- Born: Brooklyn, New York, U.S.
- Education: Columbia University (BA) Yeshiva University (MD)
- Occupations: Cardiologist, researcher, educator, writer
- Known for: President at Touro University

= Alan Kadish =

Alan H. Kadish (born August 18, 1956) is an American cardiologist and the second president of Touro University. Kadish succeeded Touro's founder, Rabbi Bernard Lander, who died on February 8, 2010. Kadish came to Touro in 2009 as senior provost and chief operating officer. At the time of his appointment, Touro's Board of Trustees stated that Kadish eventually would succeed Lander as president.

==Early life and education==
Born in Brooklyn, Kadish attended Yeshiva University High School for Boys. Kadish graduated summa cum laude from Columbia University in 1977 and was elected Phi Beta Kappa. At Columbia, he was classmates with future United States Ambassador to Belgium, Howard Gutman and New York Governor David Paterson. He received his M.D. from the Albert Einstein College of Medicine at Yeshiva University, followed by his residency at Brigham and Women's Hospital, Boston (1983), and a fellowship in cardiology at the Hospital of the University of Pennsylvania, Philadelphia (1987). He then joined the faculty of the University of Michigan as an associate professor of internal medicine.

==Career==
In 1990, Kadish began his long association with Northwestern University's Feinberg School of Medicine, Chicago. He was named the Chester C. and Deborah M. Cooley Distinguished Professor of Cardiology in 1993 and eventually rose to the position of Associate Chief of Cardiology and Director of Clinical Trials at the Bluhm Cardiovascular Institute at Northwestern Memorial Hospital, the primary teaching affiliate for the Feinberg School of Medicine.

Though Kadish left Chicago at the time of his appointment at Touro, he retains an affiliation with the Feinberg Cardiovascular Research Institute and continues on the Feinberg faculty as an adjunct professor in Medicine – Cardiology.
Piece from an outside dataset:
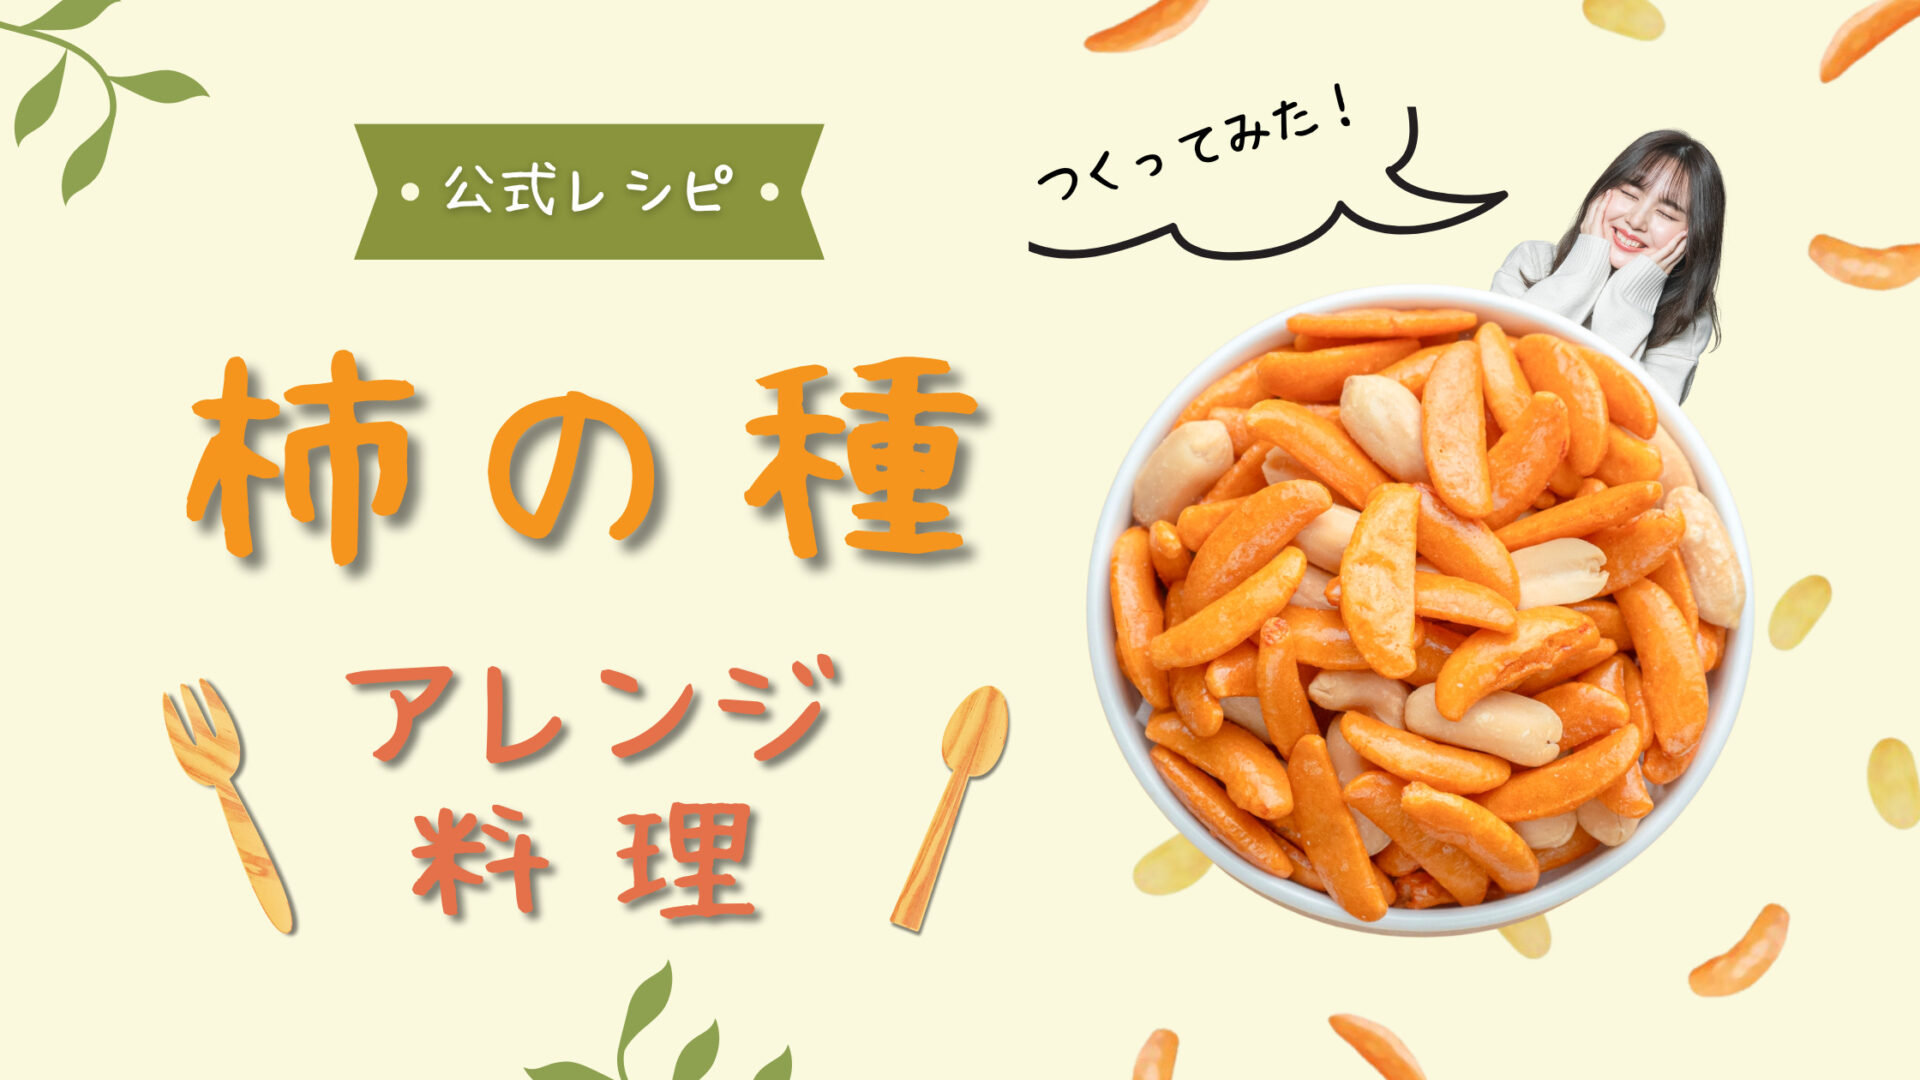 柿の種 公式アレンジレシピ料理【作ってみた】

He is board-certified in cardiovascular disease, clinical cardiac electrophysiology and internal medicine.

Kadish is the author or co-author of more than 250 peer-reviewed articles in his field. He is a fellow of the American College of Cardiology. He also is a member of the American Heart Association, American Association of Professors, American Society for Clinical Investigation and the American Society of Physicians.

Kadish has published numerous articles on the intersection of science and religion, including "Outer Limits of Biotechnologies: A Jewish Perspective" published in Rambam Maimonides Medical Journal.

As president of Touro, Kadish oversaw the acquisition of New York Medical College in 2012. In 2016, Kadish oversaw the opening of New York State's first Dental school in nearly 50 years.

==Personal life==
Kadish and his wife, the former Connie Eleff, have four children.